Re: Corpora: Statistical significance of tagging differences

Ted E. Dunning (ted@aptex.com)
Fri, 19 Mar 1999 15:13:59 -0800 (PST)

>>>>> "jf" == James L Fidelholtz <jfidel@siu.buap.mx> writes:

jf> On Fri, 19 Mar 1999, Paul Rayson wrote: ...
>> Can you direct me to a book or article which says chi-square is
>> designed for small numbers?

jf> the deal with chi square is that ... Chi square is then the
jf> SUM of all these values, whatever they are, and obviously if
jf> the column is anything other than the same value repeated over
jf> and over, each value diferent from the mean will produce a
jf> positive contribution to chi squared. SO, if you have bigger
jf> but nonequal entries you will get a bigger result.

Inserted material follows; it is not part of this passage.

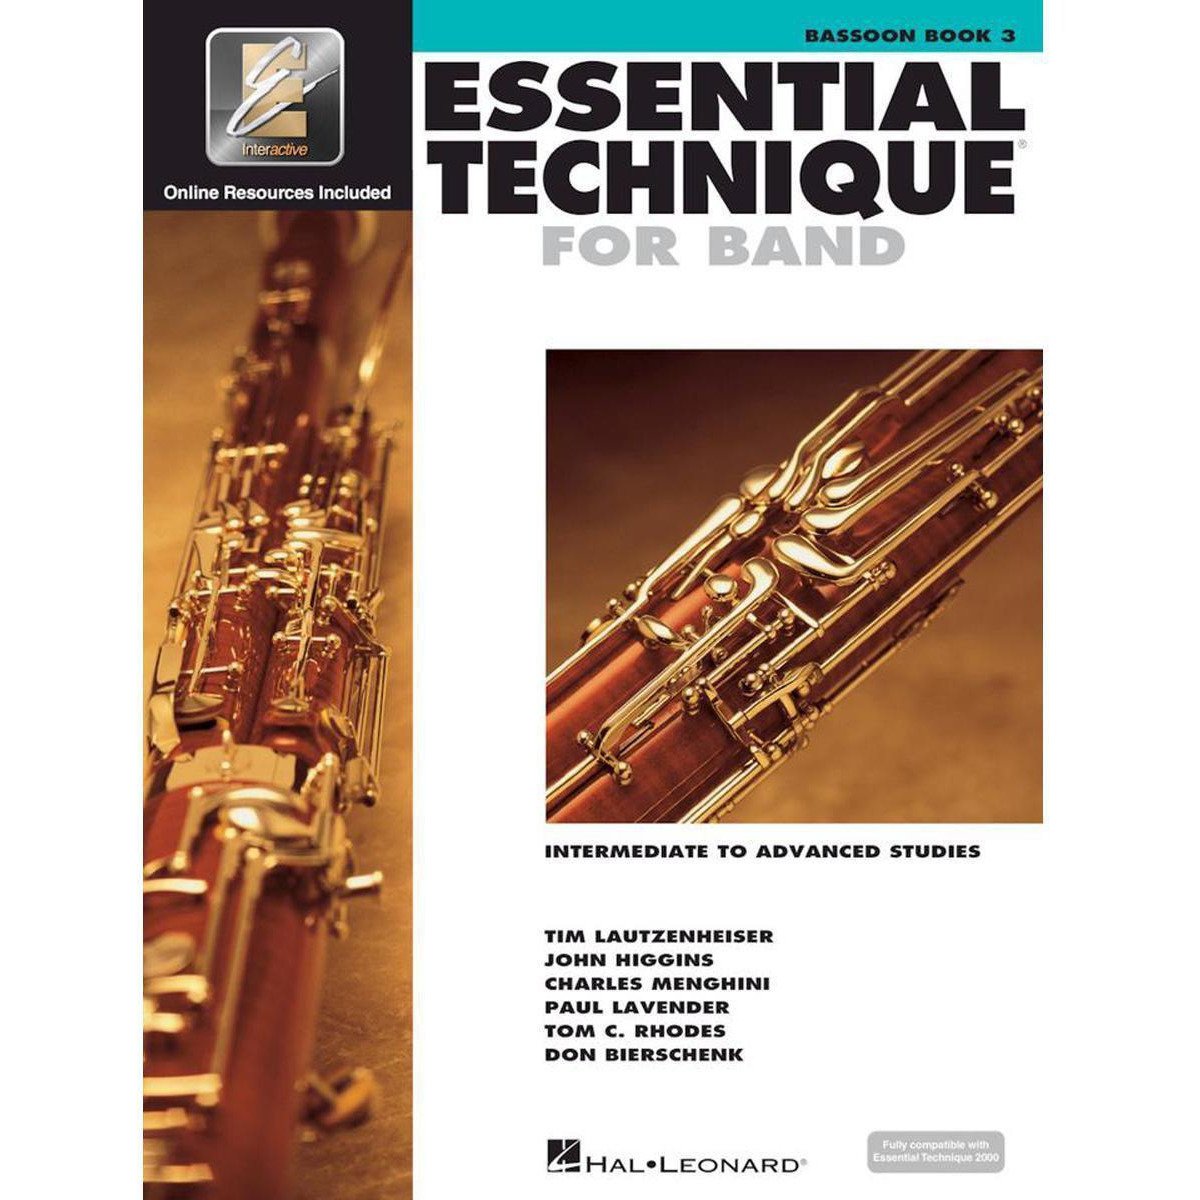 Essential Technique for Band Book 3-Bassoon-Andy's Music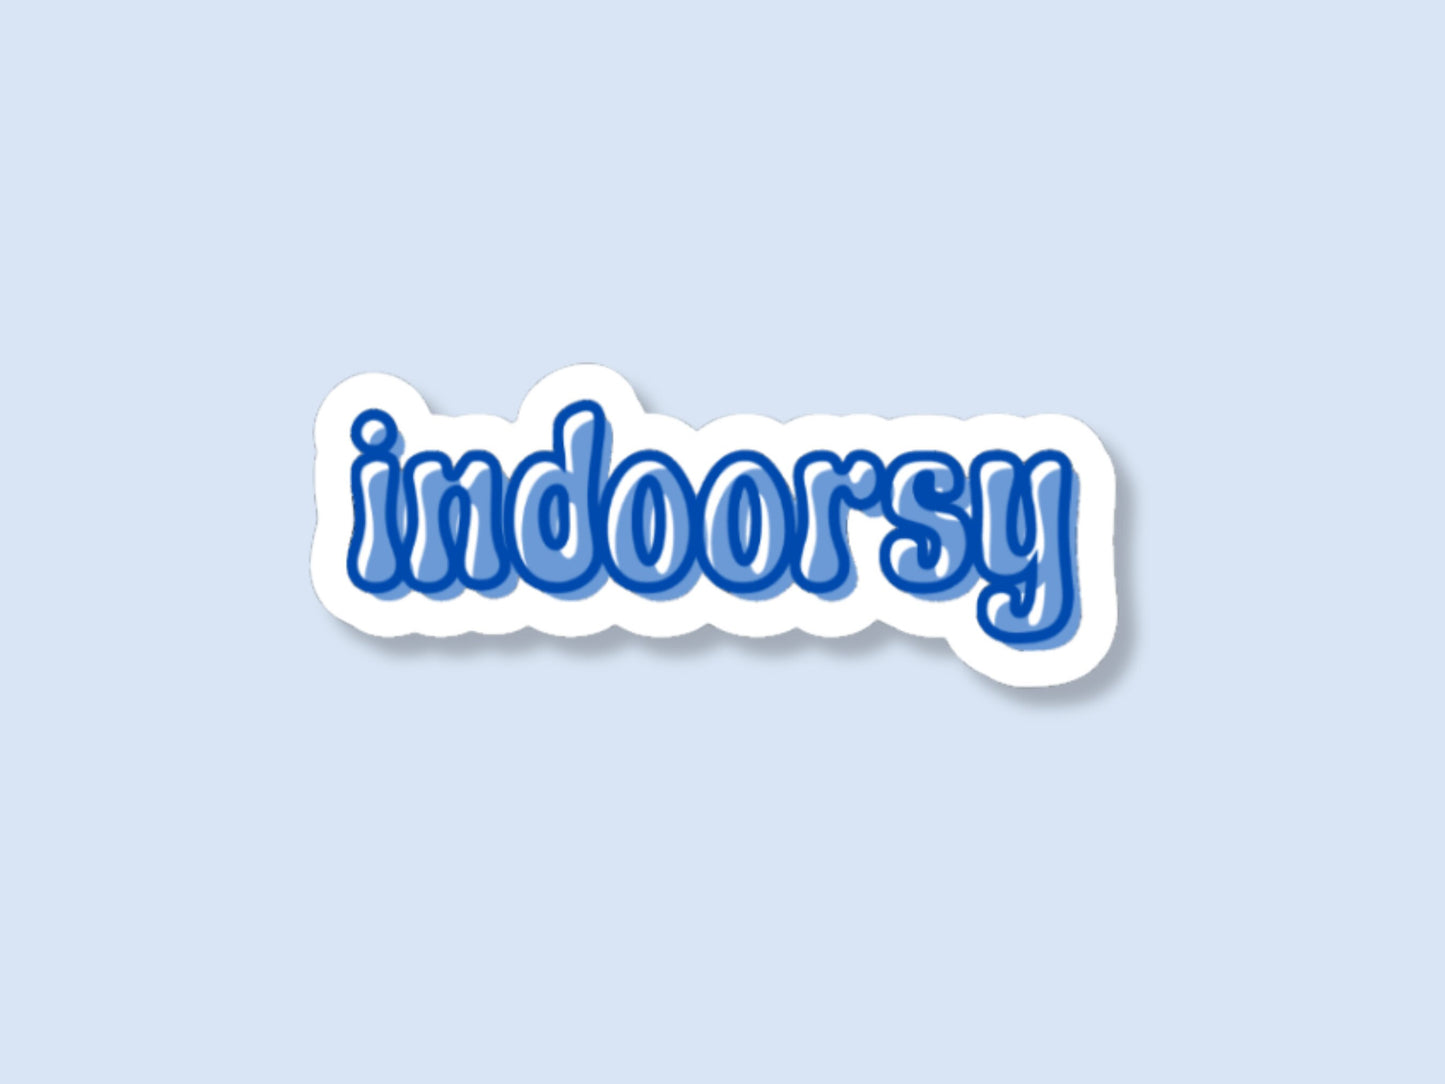 indoorsy sticker, funny stickers, gifts for friends, introvert gifts, introvert sticker, sarcastic stickers, stickers for laptop

This is not really the way that it works. For a fixed size table, the
same number of things are being added and they stay about the same
size because they are being normalized by the total number of
observations. For larger tables, the results do get bigger, but so
does the threshold. Overall, if there is no relationship and all
variations in counts are due to chance, then the distribution of the
chi^2 statistic will stay nearly the same no matter how large the
counts in the table become.

On the other hand, as you get more data, you (and chi^2) will be able
to detect more and more subtle variations from independence. With
language experiments, there are almost bound to be deviations from
independence due to the fact that language really does have abundant
structure. This pervasive structure can make it very difficult to
build completely balanced experiments. This difficulty is what others
on this list have been railing about.

jf> Chi square is 'significant' beyond a certain positive value,
jf> and if the numbers are big enough, it is almost guaranteed to
jf> be significant.